PS C:\Users\knightli> ollama run gemma4:31b-it-q8_0
pulling manifest
pulling a0feadb736f5:  46% ▕████████████████████████████████████████████████████████████████▏ 15 GB/ 33 GB  8.5 MB/s  35m23s

This does not mean every network environment will see the same improvement, but it does support one useful conclusion: the bottleneck may be the actual large-file download path rather than the Ollama client itself.

A more practical troubleshooting order

If you run into the same issue, this order usually works well:

Run ollama pull or ollama run once and confirm the issue is reproducible.
Test a blob URL with wget or curl -L and confirm whether it redirects to *.r2.cloudflarestorage.com.
Adjust your proxy or routing only for the real download domain, then test speed and stability again.

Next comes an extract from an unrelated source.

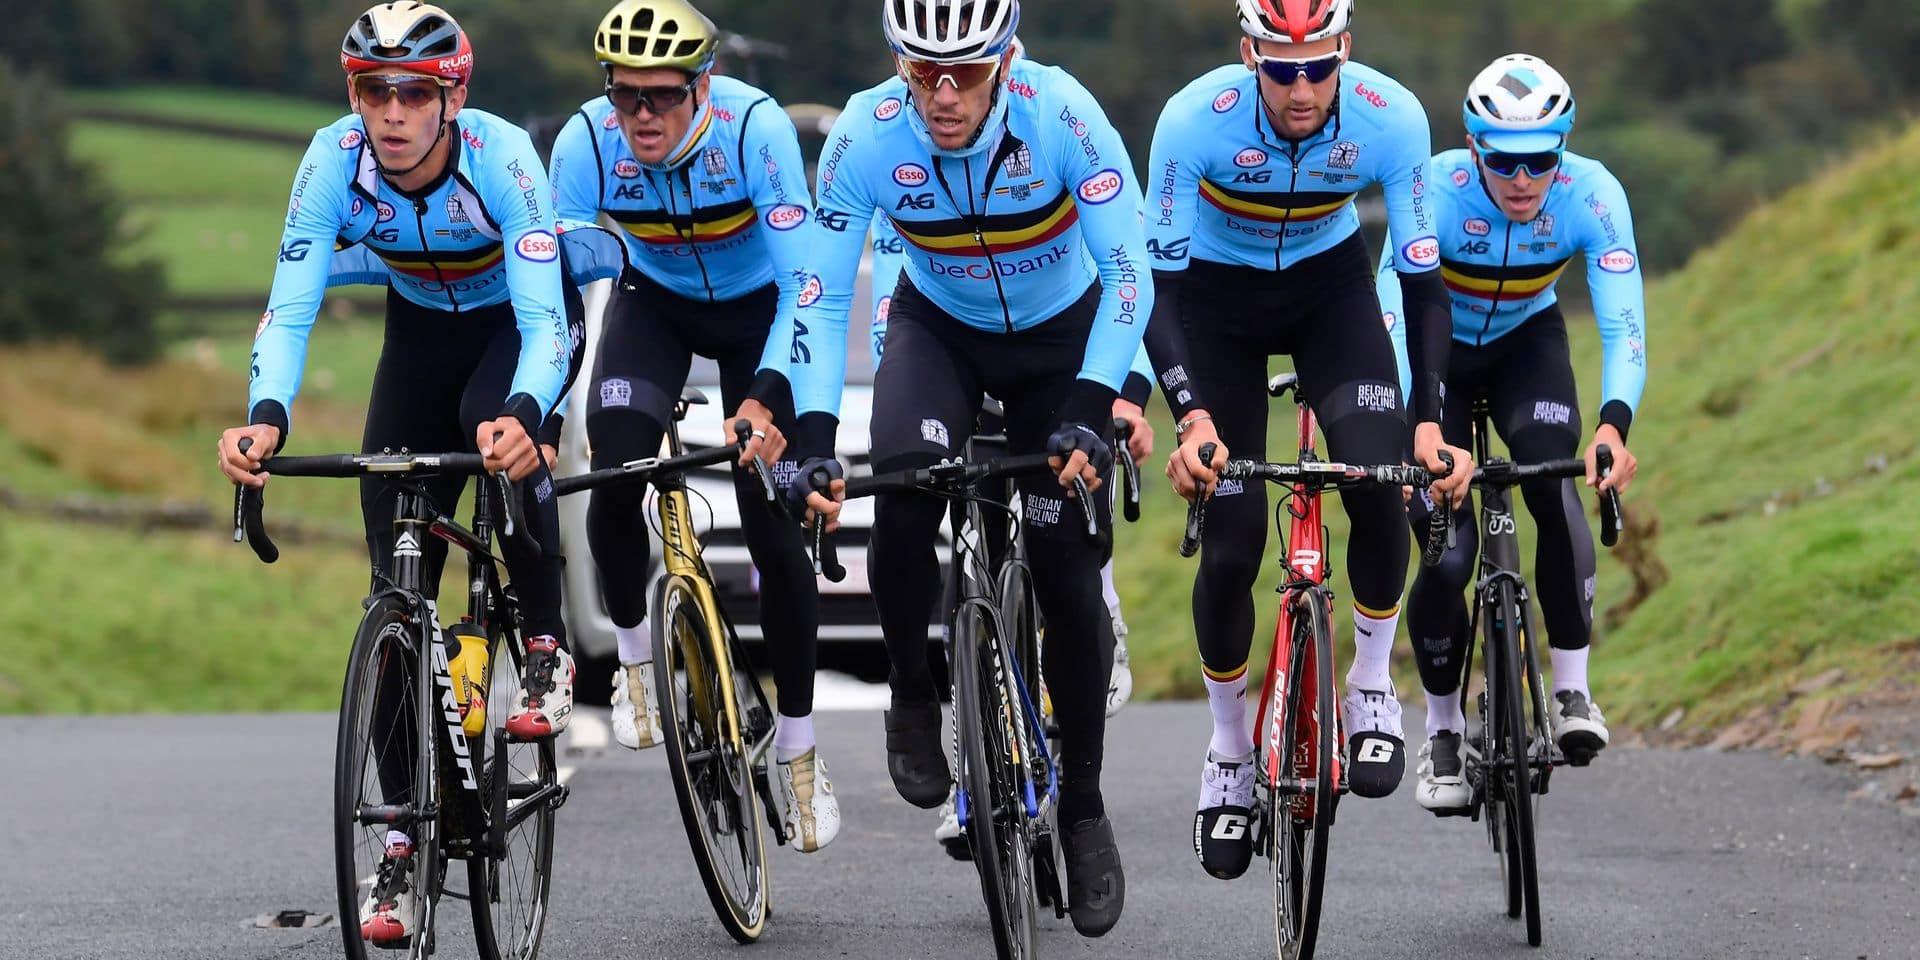 2019 UCI World Road Championships - 25/09/2019
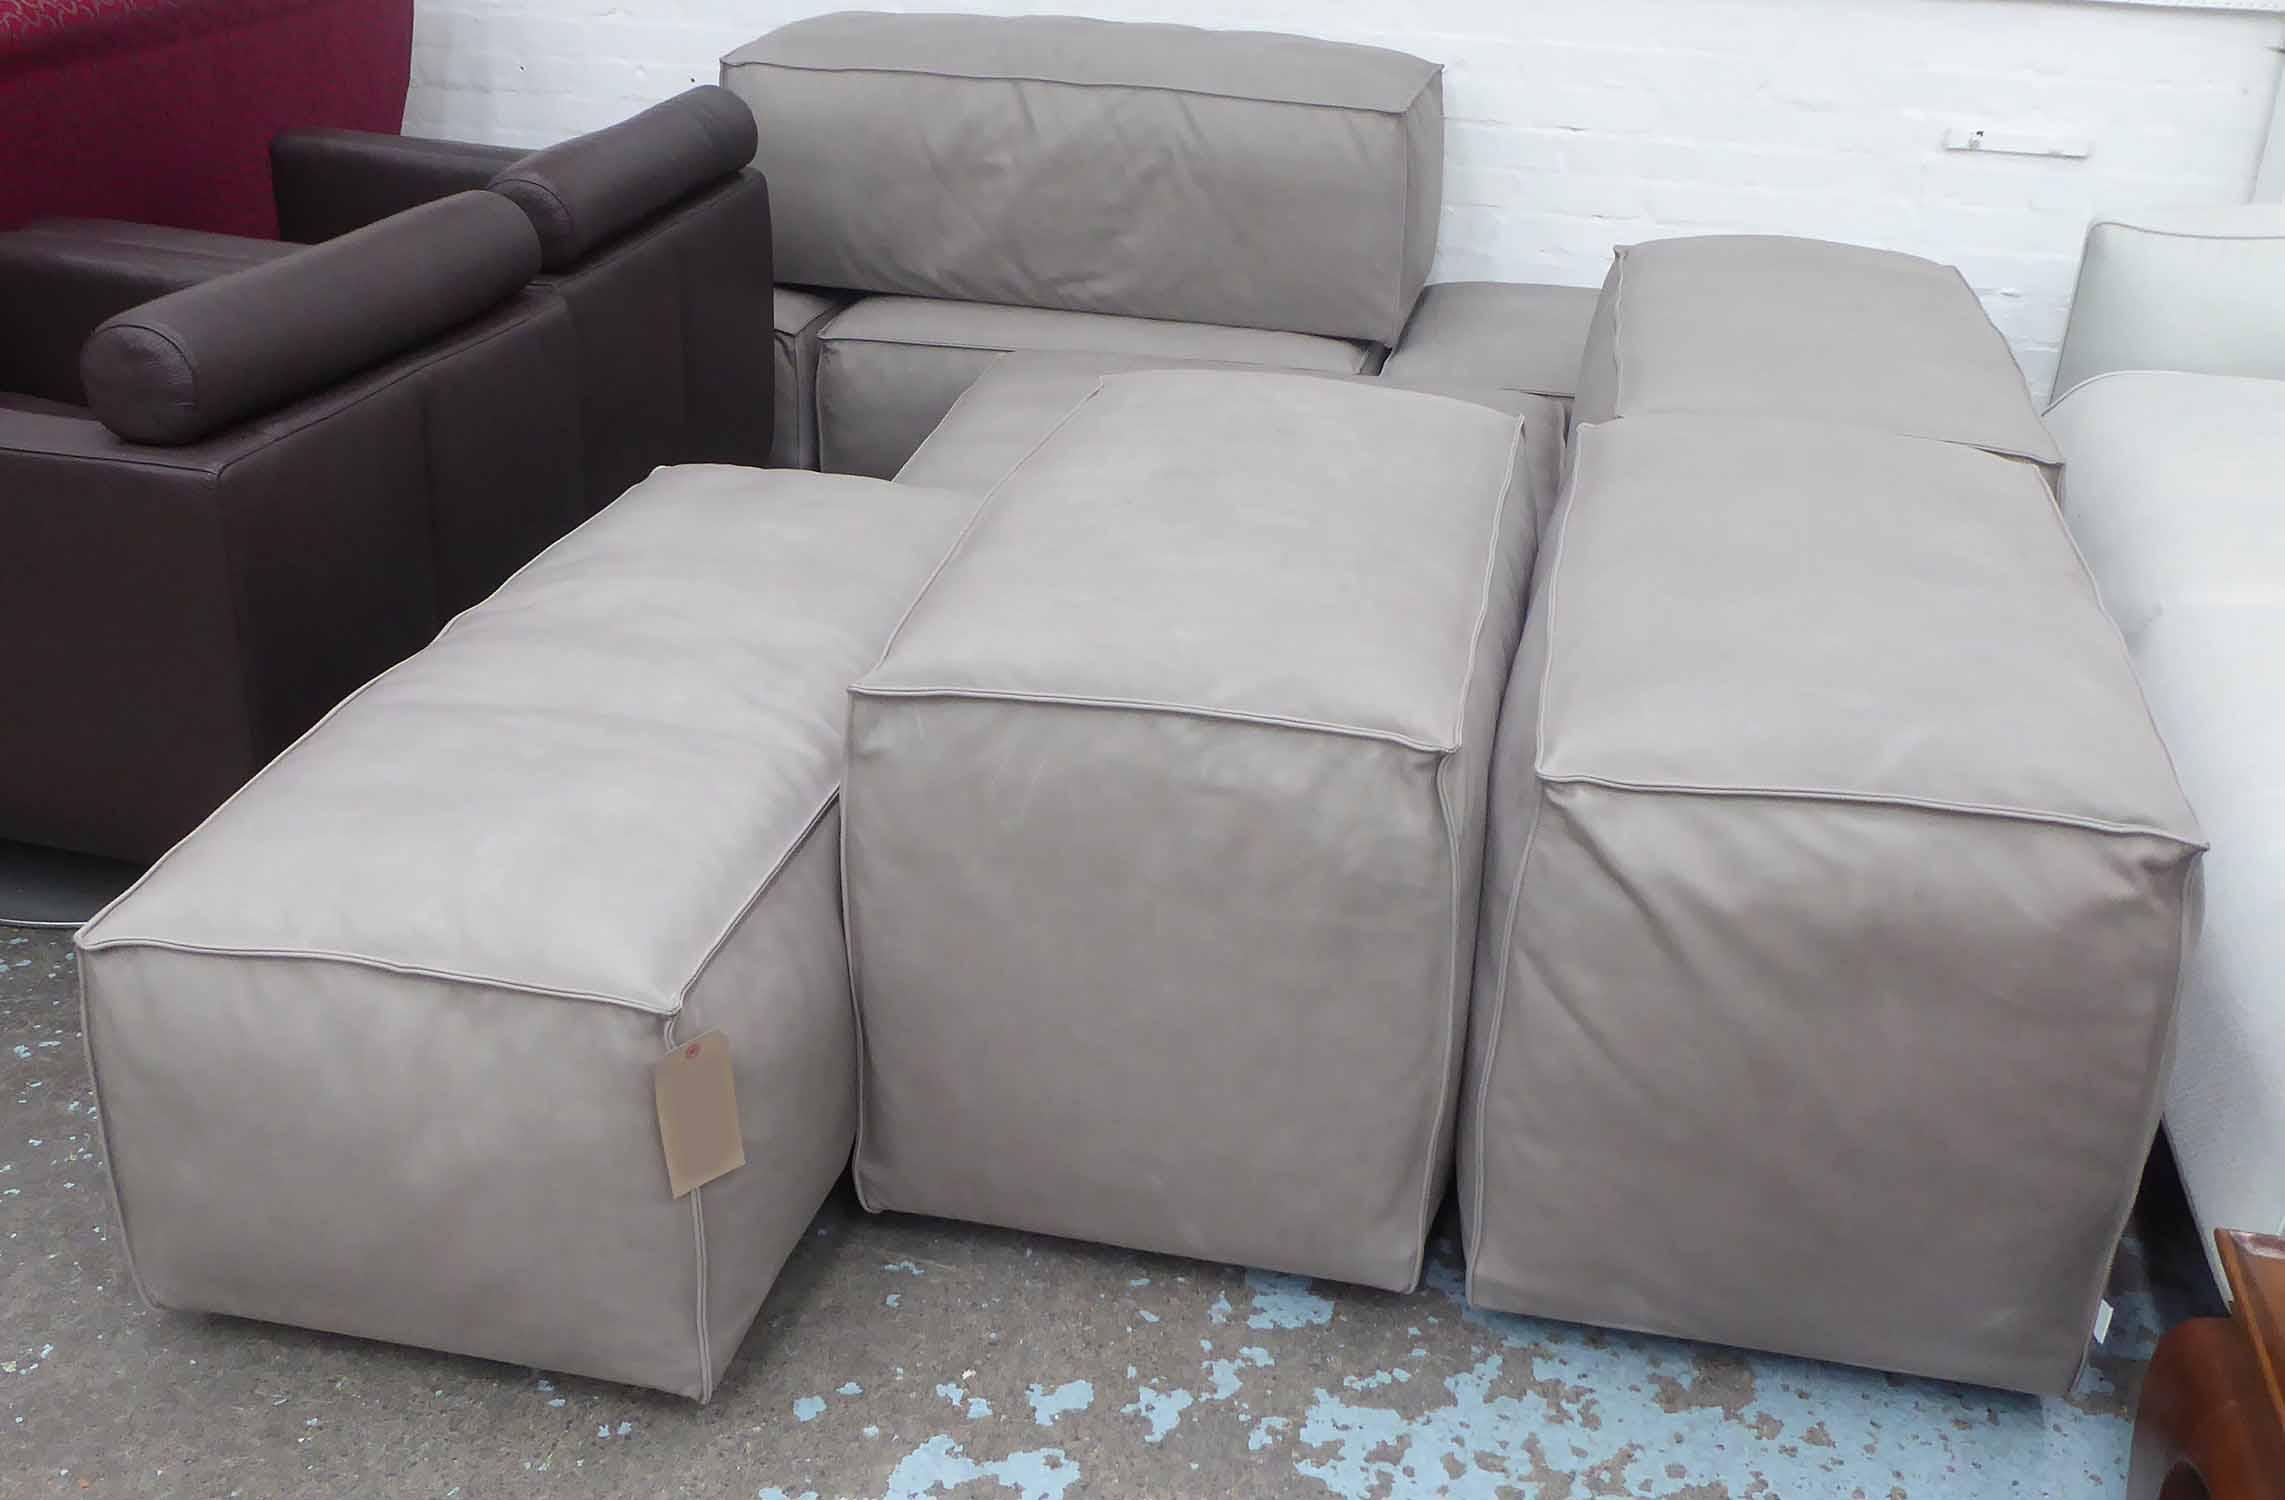 Divani Low Cost.Living Divani Modular Sofa By Piero Lissoni Grey Upholstered Of

The benefit of this order is that each step validates one clear hypothesis, so you do not have to troubleshoot blindly.

Conclusion

When ollama pull is slow, the problem is often not that registry.ollama.ai is unreachable, but that the Cloudflare R2 path actually serving the large files is unstable.

So instead of retrying over and over, a better approach is to identify the real download path first and optimize the network route where the traffic actually lands.